Прокручиваю в голове эти размышления, нависая над круглым унитазом, в котором блестит и улыбается лужица канализационной водицы. Писать. Немедленно писать! Он обмякает в руках. Ну! Усилием воли направляю жидкость из мочевого пузыря в мочеиспускательный каналец. Каналья, давай же! Одна капля выкатывается вслед за другой, как маленькие горошины, сзади их нагоняет мощный поток, несущийся где-то внутри меня по слизистому тоннелю. Пссс-сссть. Сильная струя разбила зеркальце на дне унитаза. Да!

Смываю. Рука привычным движением откручивает краны. К девяти должен быть уже на работе. Кран мелко подрагивает, выплёвывает воду толчками.
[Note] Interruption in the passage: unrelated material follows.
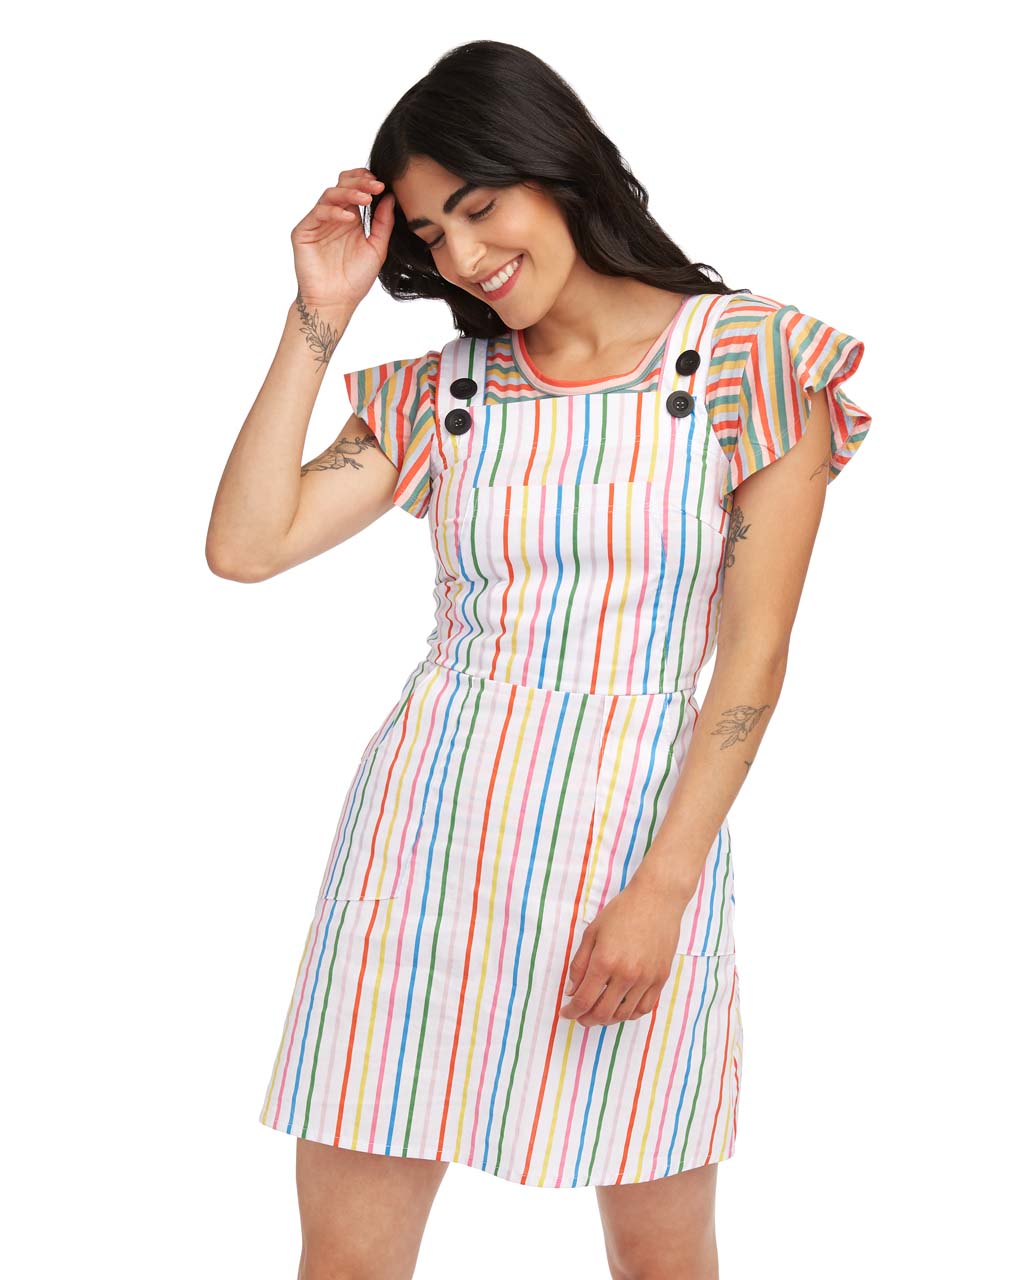 Overall Dress - Rainbow Stripe by ban

Вода разбрызгивается между стенок девственно-белой холодной ванны. Мгновенно жгутом сворачивается воронка. Что изменится, если приеду, скажем, к десяти? Или вообще не приеду? Отвернул средний кран. Душ сопит. Ванна наполняется клубами пара. Через минуту стены исчезают, комната как бы раздвигается, и всё уже плавает в пару: зеркальца, бритвенные приборы, зубные щётки, тазики, полотенца. Осторожно, чтобы не обжечься, пробую ногой воду. Кипяток! Чуть холоднее. Явственно представляю себе офис. Солнце медленно нагревает пыль на лакированных столах. Угол. Целое нагромождение углов. Правильные геометрические формы. Моё рабочее место в одной из комнат Термитника. На столе – чёрная подставка с канцелярскими принадлежностями: циркуль, скрепки, ножницы, степлер, дырокол.

Аккуратные квадраты бумаги формата А-4 разложены на столе. Некоторые чистые, другие испещрены чёрными буквами. Буквы-буковки-буквицы – букашки, сожжённые увеличительным стеклом и скрюченные в агонии. Я сижу – жалкий длиннорукий горбун перед голубоватым глазом монитора. Стучу. Мелькают исковые заявления, договоры, доверенности, бесконечные базы данных. Кто бы сказал мне в детстве, что придётся пускать себя в расход из-за такого… Тело, розовое, неуклюжее, вскарабкивается на край ванны, подбирает непослушные конечности, выгибает спину дугой, выставляя перламутровые гребни позвонков, и с глухим стуком переваливается вовнутрь. Ай! Визгнули нервы ошпаренной кожи. Горячо! Та-а-ак. Теперь хорошо. Теперь отлично. Душ-ш-ш-ш-ш…

* * *

– Сколько в городе душ?

– Ни души.

Так надо отвечать. А то если скажешь: «Три души», – душить будут ровно три раза. Пить хочется, а вокруг ни души – все спят. Сейчас бы минералки, или кислого квасу из бочки, или воды «Буратино», а то горло ссохлось, и нёбо растрескалось, как земля в пустыне. Я сижу на стульчике. И Руслика тоже загнали спать после обеда. «Через часик», – так они сказали. Руслан выйдет через часик. Интересно, это долго? Когда ждёшь чего-нибудь, то всегда долго. Часик, наверно, меньше, чем час. Кто придумывает имена? Вот Руслик – тот Руслик, костлявый, с худыми лягушечьими руками и яйцеобразной головой, стриженной бобриком. А меня зовут Глеб. Глеб, ну и имечко! Слово – обрубок, слово – кирпич, слово – хлебная корка! Глеб, Бгле, Гелб, Глбе, Лбег – крошатся буквы. Не может быть, чтоб я был Глеб.

– Здорово, Миха!!! – гаркнул Руслик. Он не зовёт меня Глебом. Говорит: имя корявое. Почему-то для него я – Миха.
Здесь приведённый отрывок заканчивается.